One of the other criticisms made of the summit had to do with its length: it may well be considered the shortest summit ever. Some have estimated it lasted around three hours. Most of the Arab leaders who attended didn’t spend the night in Baghdad – they were there for a few hours, then flew back to their own countries. The Emir of Kuwait, whose visit was so celebrated by the Iraqis because he was the highest ranking representative from a Gulf country to attend, didn’t attend the summit’s concluding session.
Indeed for many outside observers, the summit was best seen as a kind of “meet and greet”, an introductory party where leaders of the old Arab world got to meet leaders of the new Arab world, post-Arab Spring.
And it is true that the impact of the Arab Spring could be felt at the summit. The Arab people seemed to be more present at this summit, even if it was metaphorically rather than literally. This is unusual in a region where rulers inherit their jobs and a tribal mentality prevails. Also, unlike at past summits, there was no exchange of accusations, overblown rhetoric or maddening statements such as those that former Libyan leader, Muammar Gaddafi, used to like to make.
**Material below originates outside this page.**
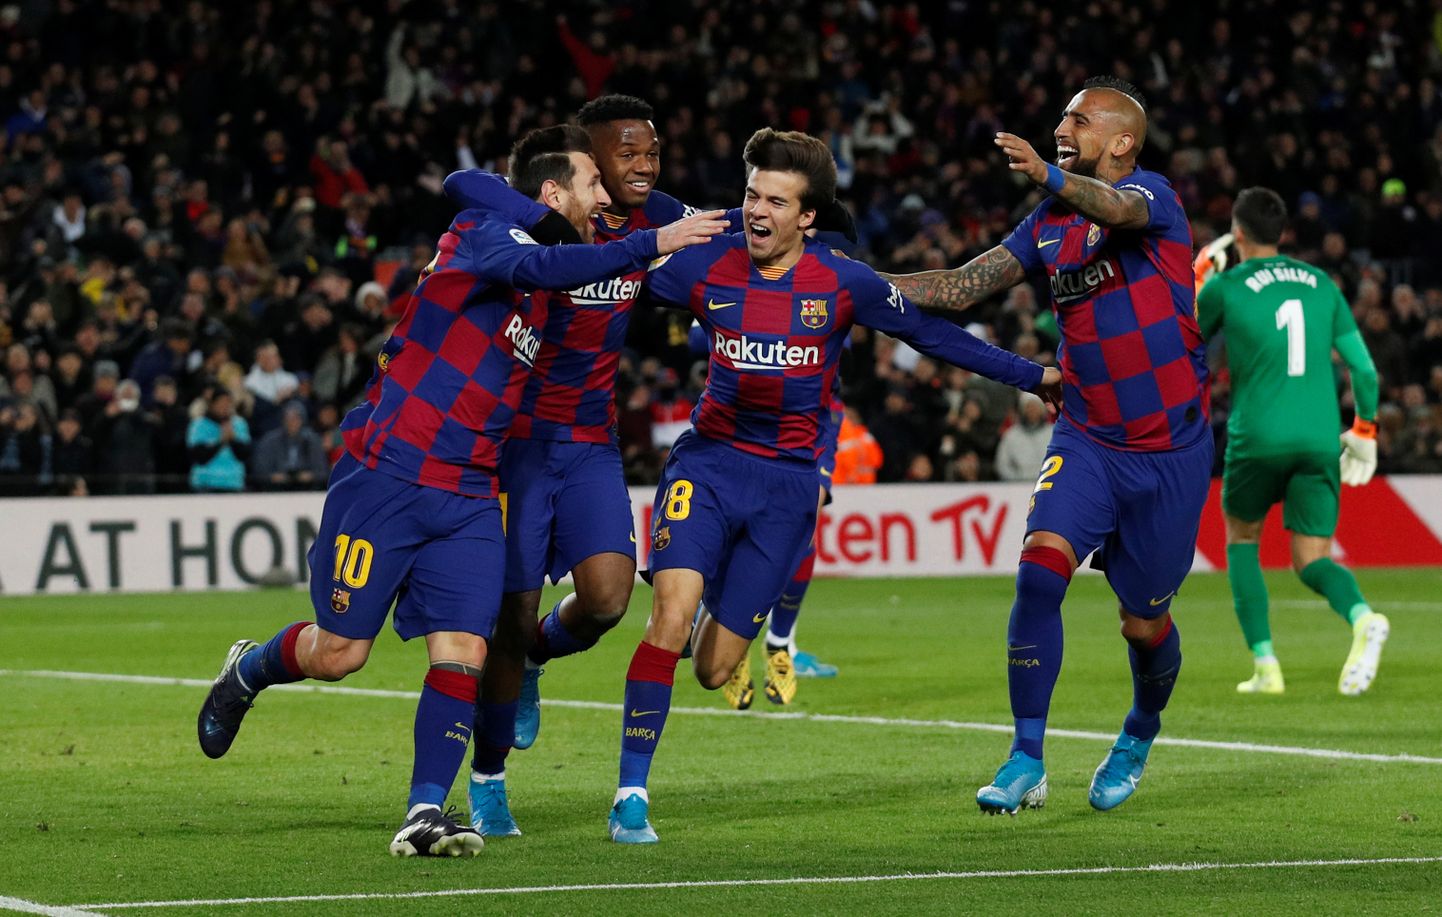 Barcelona mängijad väravat tähistamas.

The summit was not without its in-jokes either. Or rather, its ironies. As some wits were quick to note, two of the most important meetings were held in one of Saddam Hussein’s former palaces – which also happens to be the palace where the Iraqi dictator had previously planned his invasion of neighbouring Kuwait: the invasion that would eventually isolate Iraq from its Arab neighbours and the world.